Not that it's all that relevant now, but I'm guessing the reason that ziti agent list and ziti agent stack weren't working was because the router process was running as a different user. Usually running those commands with sudo give the process the permissions it needs to the see the IPC pipe files.

If updating to 1.6.9 doesn't resolve the issue, let me know.

Thank you,
Paul

great! appreciate your help. have updated to 1.6.9 and will keep an eye on it.

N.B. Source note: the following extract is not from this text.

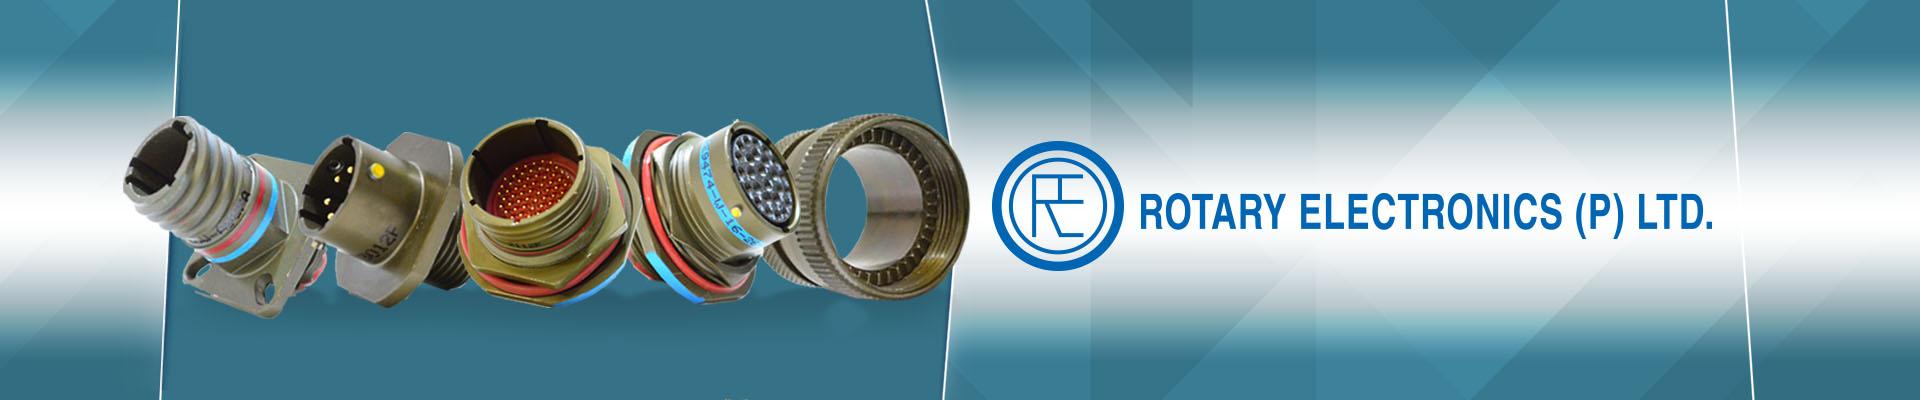 RotaryCon_Banner

when we say worker, are we talking workers within the router or are we talking routers within the network? any other tuning I should look at to account for the lack of multiple routers in this POC?

Worker here is a goroutine in the router. There's a goroutine pool and there existed a race condition that allowed pools with a min worker count of 1 to drop to 0, if multiple goroutines decided to finish at the same time. Once the pool dropped to 0 goroutines, it never recovered.

ah, i see. thanks again for the help/info. will monitor.

Just wanted to confirm - 1.6.9 appears to have resolved this issue.